On 12 February, Chinese AI developer Mianbi Intelligence published a new attention architecture called SALA — a sparse‑linear attention hybrid — and a 9‑billion‑parameter text model, MiniCPM‑SALA, built on that design. The company says the model does not rely on speculative sampling or other throughput tricks and achieves a 3.5× inference speed advantage over Qwen3‑8B at a 256k‑token context on cloud inference chips. Mianbi also claims MiniCPM‑SALA can run contexts as long as one million tokens both on cloud accelerators and on consumer‑grade GPUs, an unusually large context window for a model of this size.
Architecturally, SALA mixes sparse attention — which limits dense attention to a subset of tokens — with linear attention techniques that scale more gently with sequence length. That combination aims to reduce the quadratic memory and compute growth that typically restricts transformer models to short contexts. By blending these approaches, Mianbi seeks to retain enough expressive power for long‑range dependencies while keeping the parameter count and per‑token cost relatively low.

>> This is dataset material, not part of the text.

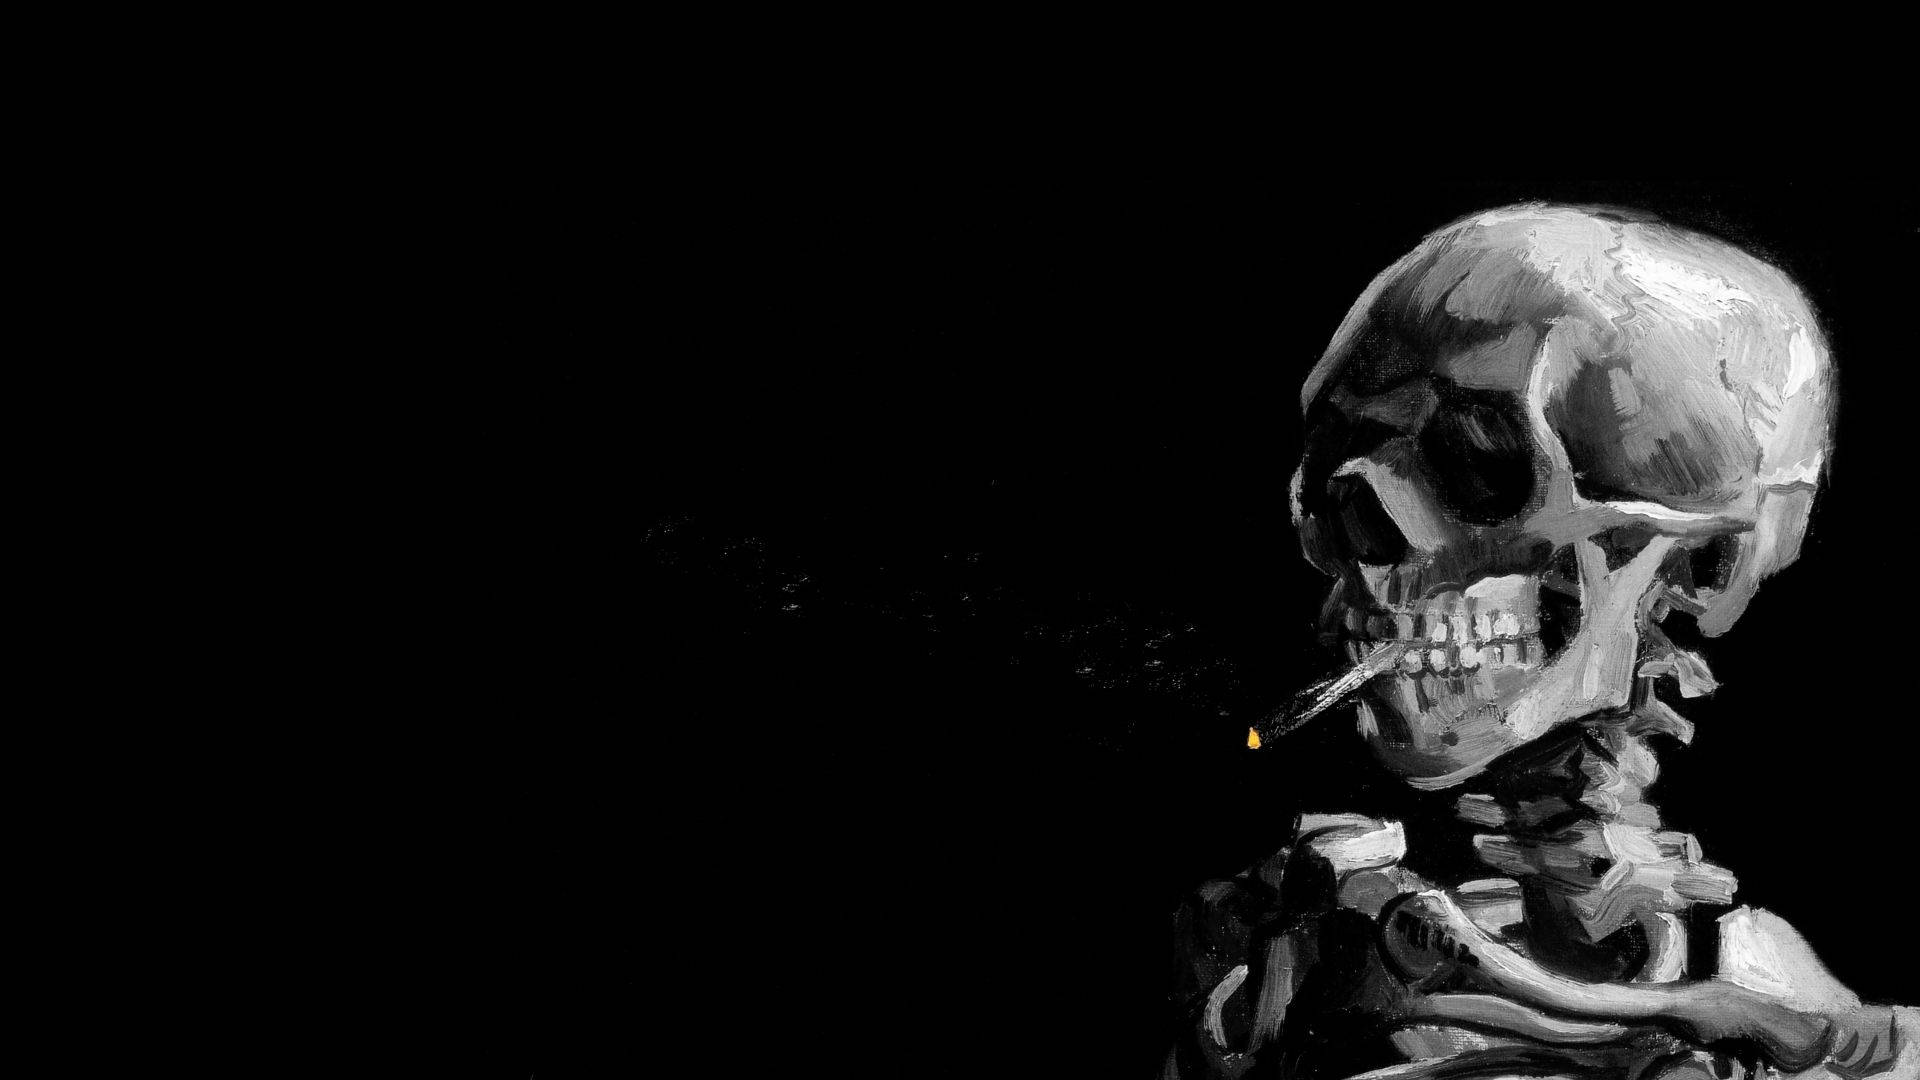 Bildskärmsbakgrundmed En Rökande Skelettcigarettrökare. Wallpaper
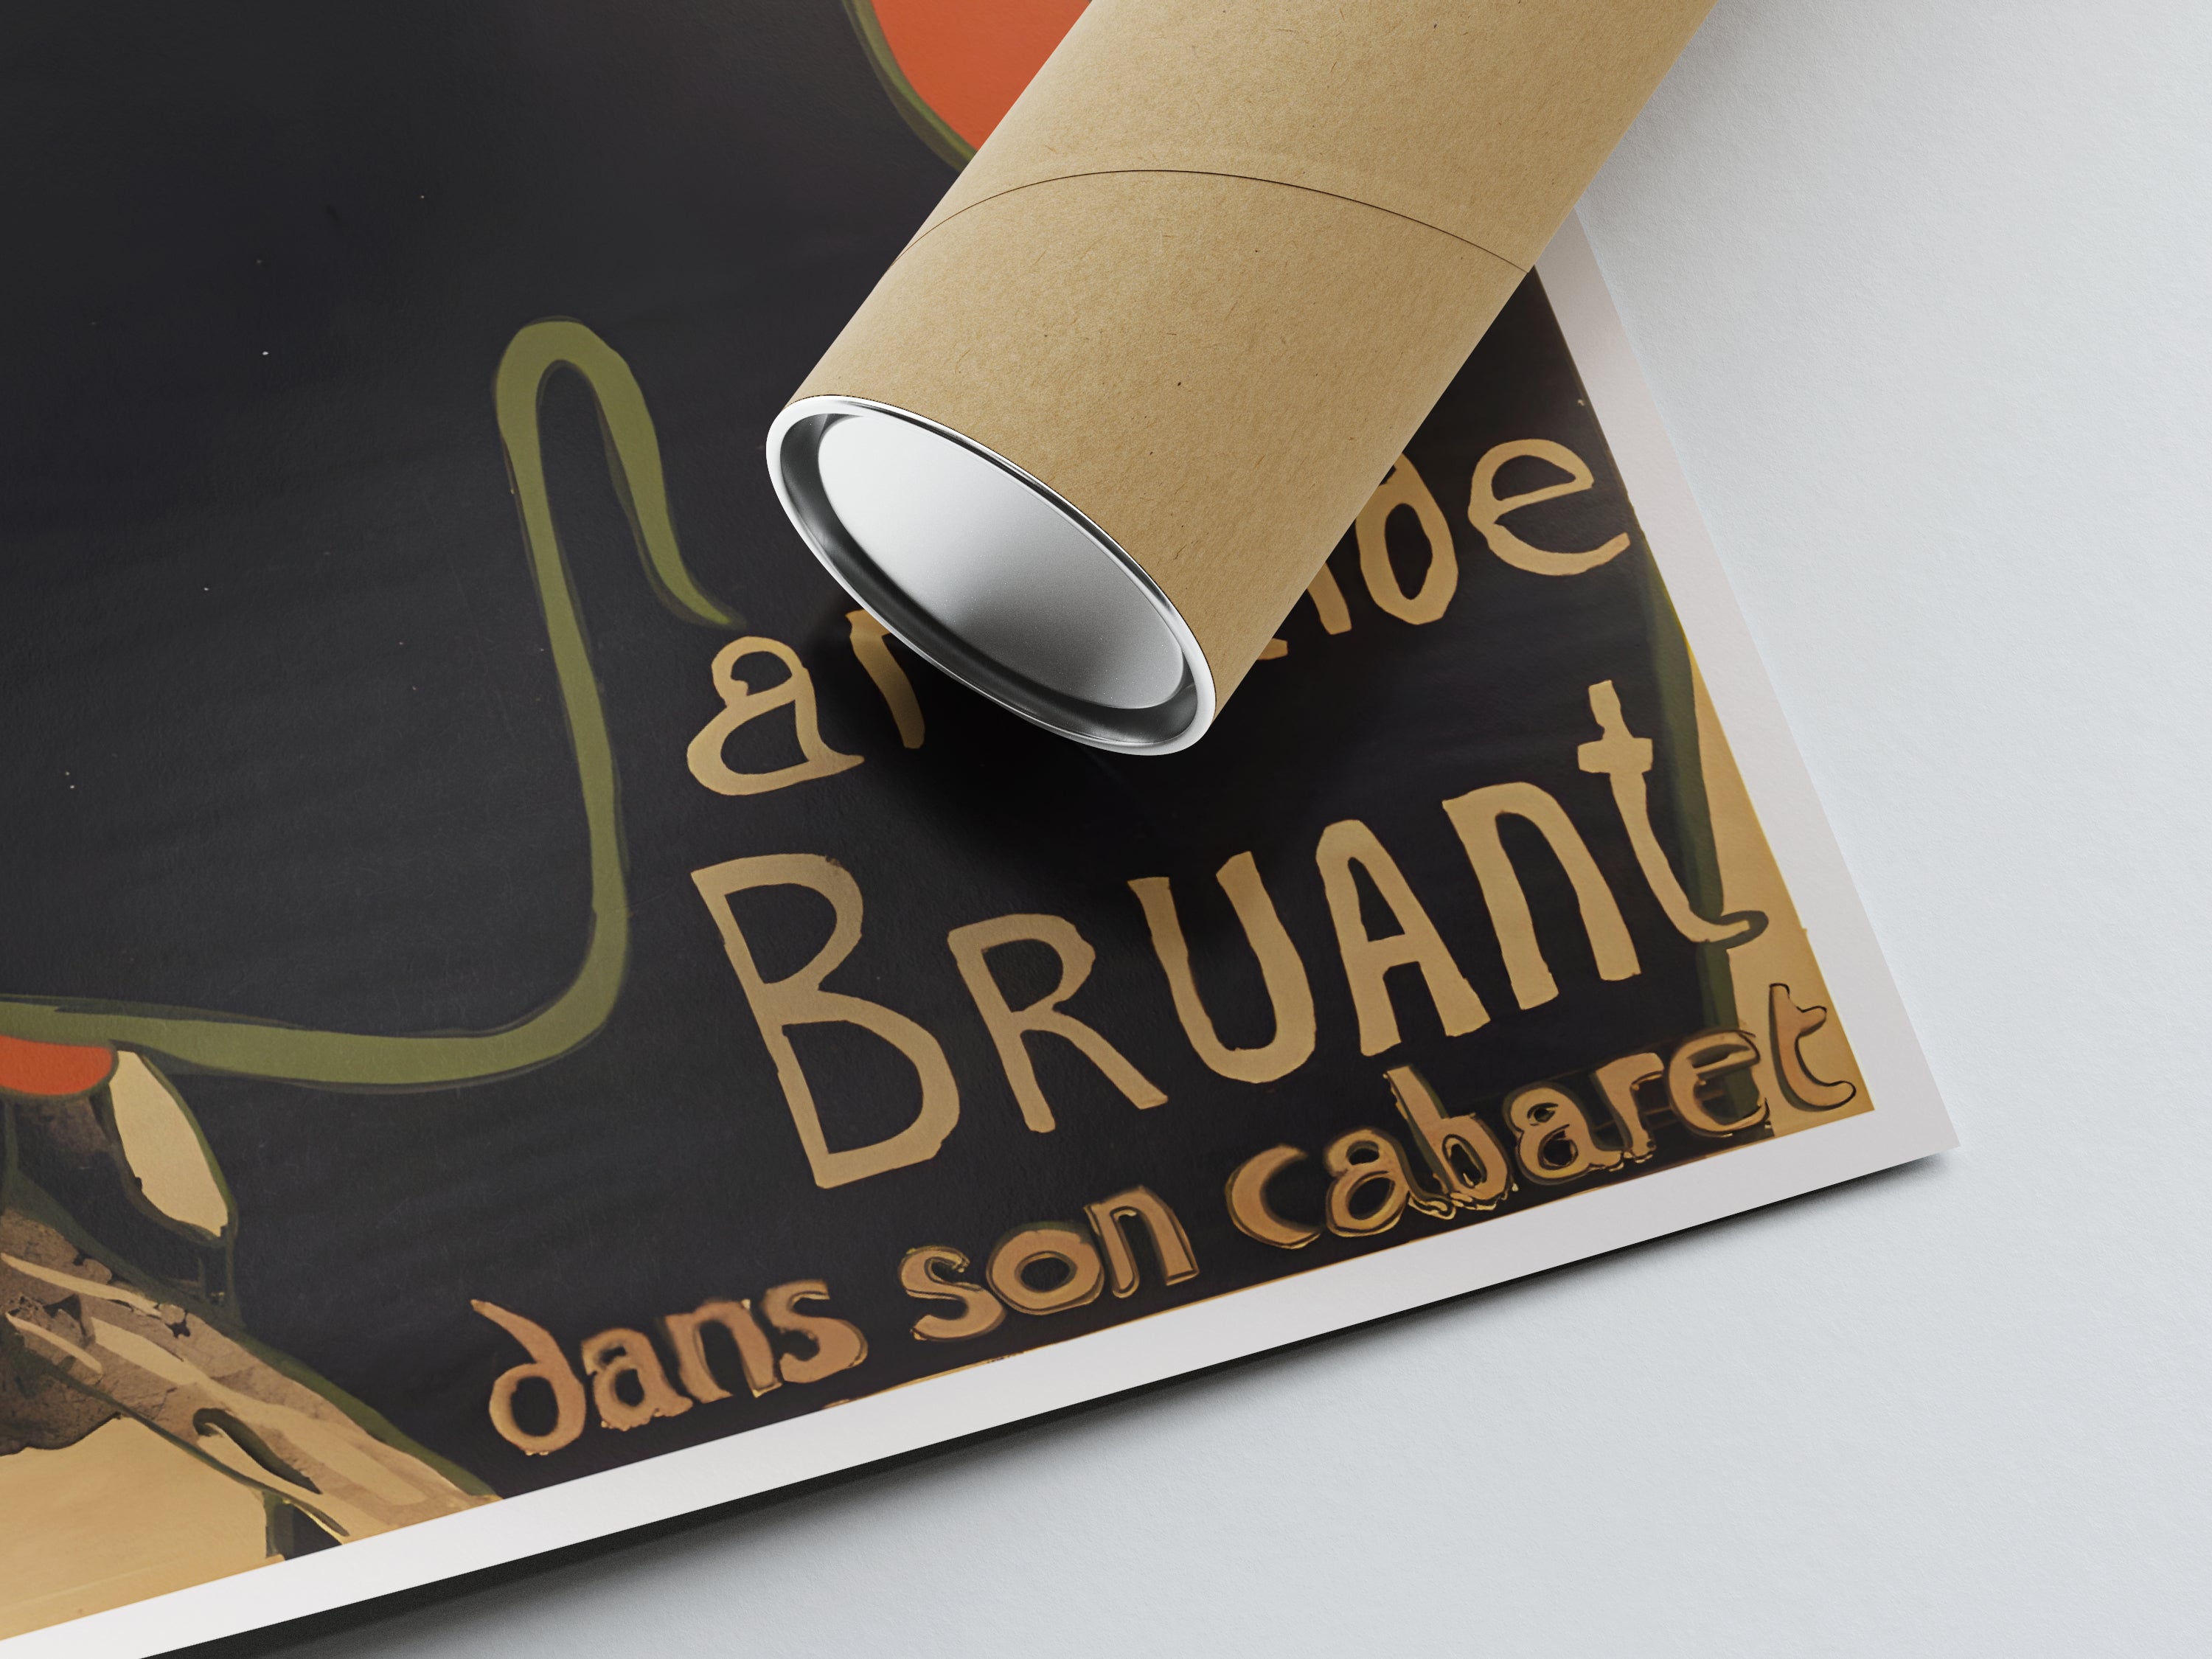 Toulouse-Lautrec poster "Aristide Bruant" - Art Nouveau - High Definition - matte paper 230gr/m²

If the performance claims hold up under independent benchmarking, the practical implications are straightforward: organisations could process extremely long documents, codebases, or multi‑hour transcripts without resorting to expensive, very large models or heavy prompt‑engineering. For businesses and research teams, a 9B model that handles 100k–1M token contexts cheaply could be more attractive than much larger models that remain limited to tens of thousands of tokens or that require shard‑heavy cloud infrastructure.
The announcement also sheds light on an emerging strategy in China’s AI ecosystem: software and algorithmic innovation to stretch the capabilities of mid‑sized models, combined with support for domestically available inference hardware. This approach reduces dependence on ever‑larger parameter counts and on foreign model architectures, while making advanced long‑context features achievable for cloud providers and edge deployments alike.
Caveats remain. Speed and maximum context length are not the same as model quality: latency improvements do not automatically translate into better accuracy, coherence, reduced hallucination, or safety when the context runs to hundreds of thousands of tokens. Independent audits and standardized benchmarks will be needed to assess MiniCPM‑SALA’s performance on downstream tasks and whether SALA introduces degradation in attention fidelity for particular problem types.
Still, the release is notable in a crowded field where rival Chinese models and international players are racing to solve the long‑context problem. Whether SALA becomes a widely adopted building block will depend on transparent benchmarks, open implementations, and how the architecture juggles throughput, memory footprint, and answer quality at extreme context lengths.